The pronunciations in Italian of "Coppola", "Pesci", etc., are irrelevant to the respective articles' subjects and should be removed. The pronunciation Zappia uses in English isn't 100% obvious (stressed on the "Zap" or on the "i"?) and it's useful to provide it. I just noticed that Tony Zappia was born in Italy so the Italian pronunciation might be considered relevant. Largoplazo (talk) 12:23, 3 January 2024 (UTC)[reply]
If articles on Americans like Martin Scorsese are using Italian IPA keys to give pronunciations, then that is wrong and should be fixed. That does not mean pronunciation keys for such people should be removed forever, since the pronuciation of such a name is not obvious, and the correct pronunciation in English for that person is easy to establish.
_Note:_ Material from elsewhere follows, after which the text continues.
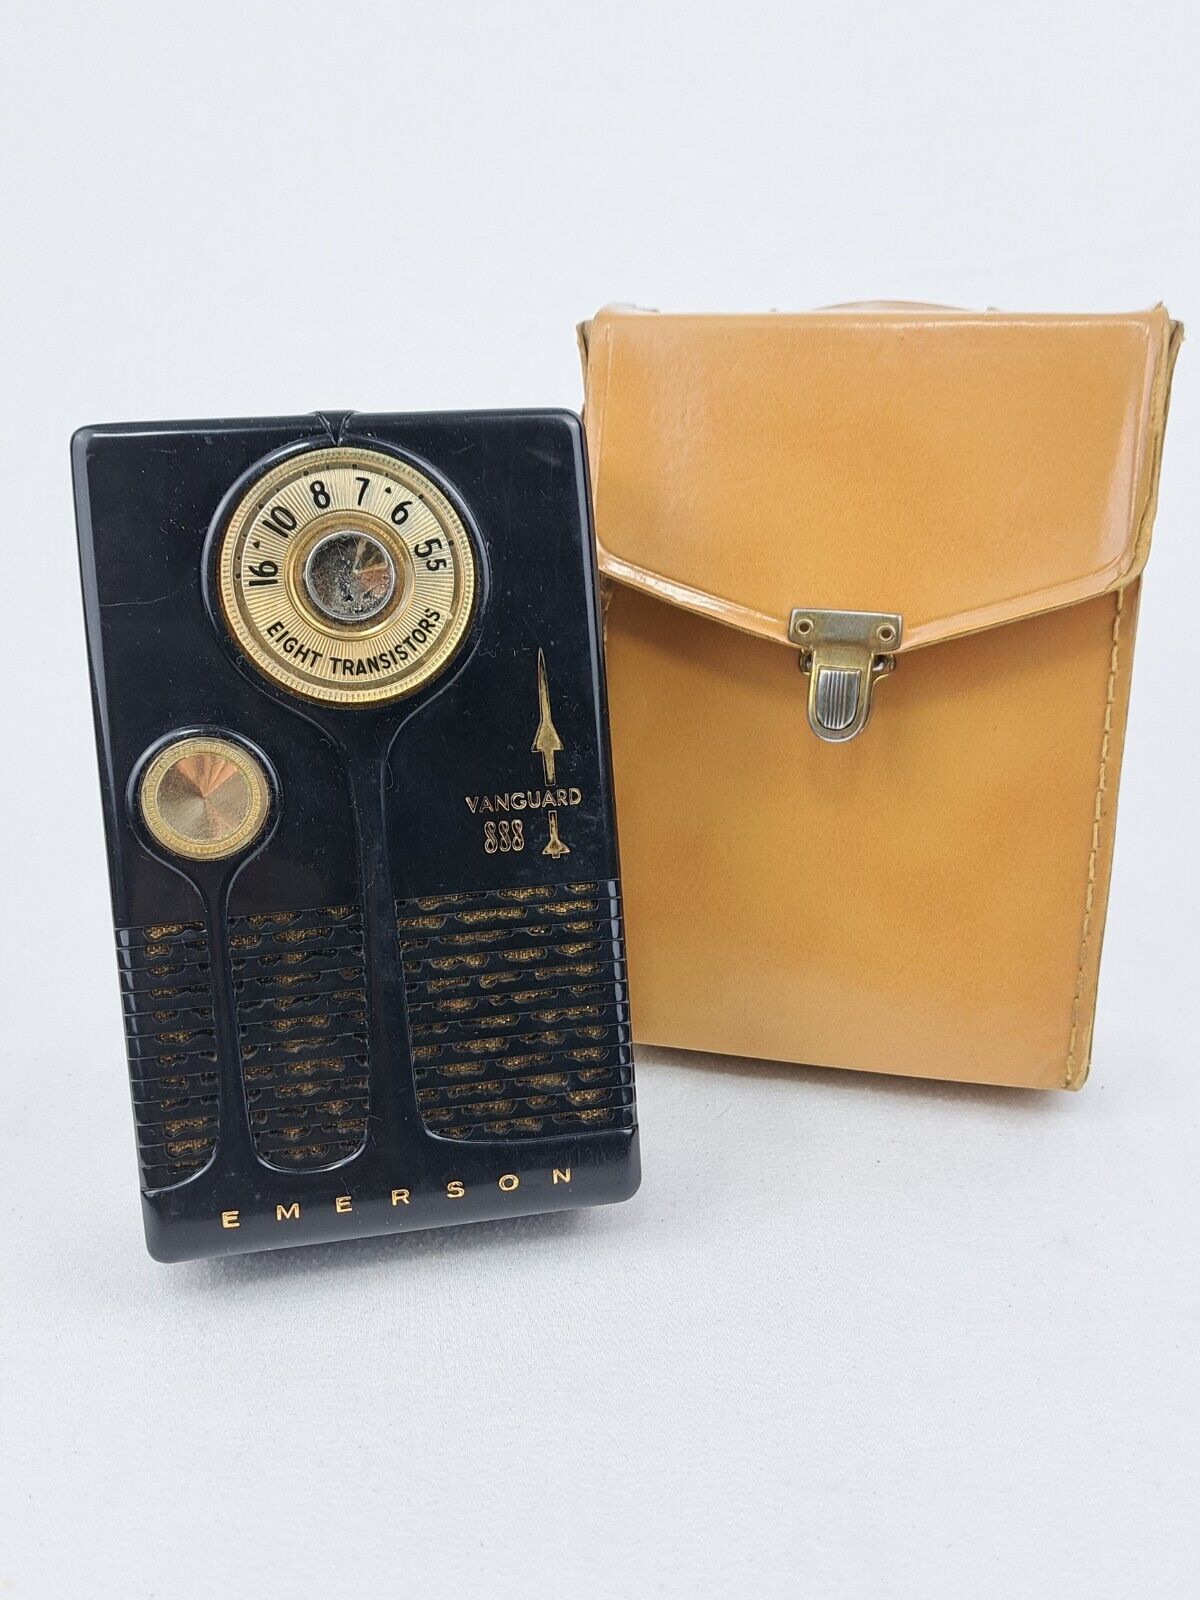 Emerson Vanguard 888 Nevabreak Transistor Radio Black w Tan Leather Case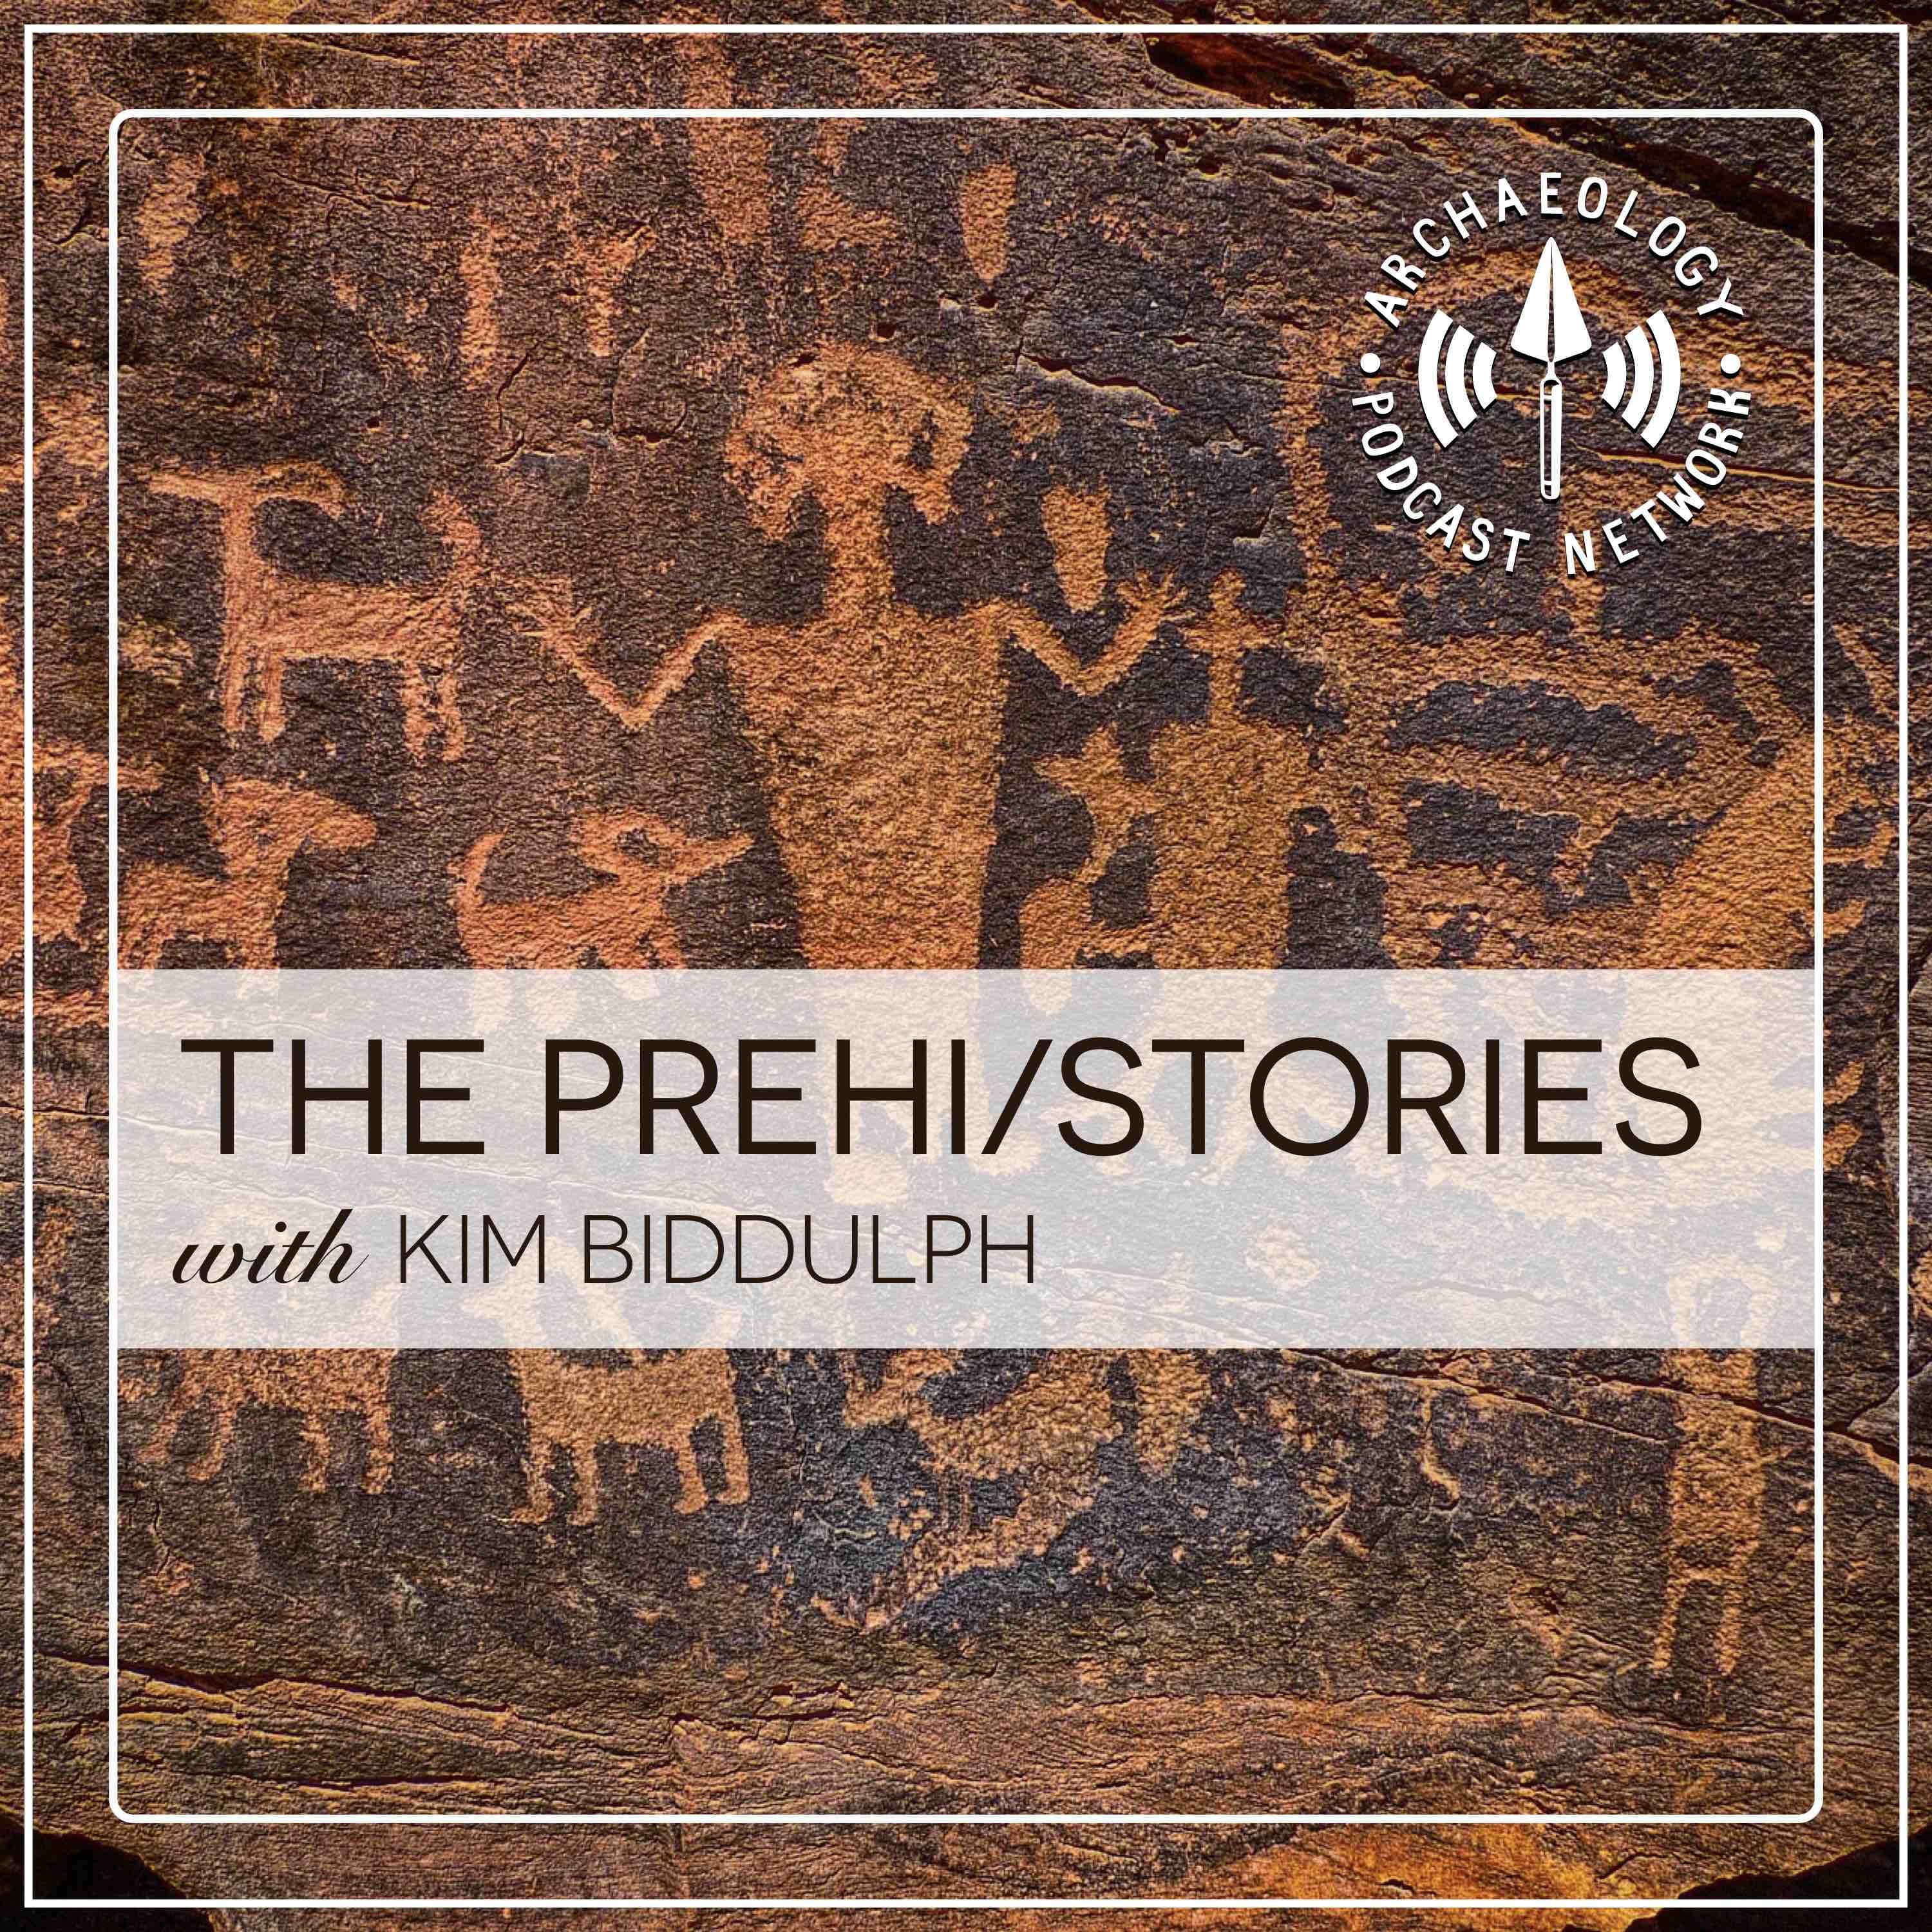 Prehis/Stories

The others mostly would also benefit from that as well. Maybe the Australian ones would, too. But in any case where one of our articles is giving patently incorrect pronuncation using an Italian IPA key for American or Australian or other such persons, just removing the falsehood is the correct move. Someone is free to put a corrected version in again later.  — SMcCandlish ¢ 😼  01:22, 4 January 2024 (UTC)[reply]
Many people from immigrant families will pronounce their name one way within their family and/or ethnic community, and another way to their adopted community (or general public or media as the case may be). One shouldn't presume the pronunciations are necessarily wrong without checking the article body/history/citation first. If an RS says Scorsese's grandmother pronounced it such-and-such with him, then that pronunciation may belong equally in the lede, and it may well be appropriate to use Italian IPA in such a case. SamuelRiv (talk) 04:19, 13 January 2024 (UTC)[reply]
Thank you. Regards, Thinker78 (talk) 04:23, 13 January 2024 (UTC)[reply]

Well, whatever your final will be I'll accept it. To me, one more piece of information is better that one less. At least I'm happy that I've made possible this discussion which will be a point of reference for future cases about this matter. Thiswouldbeauser (talk) 14:00, 4 January 2024 (UTC)[reply]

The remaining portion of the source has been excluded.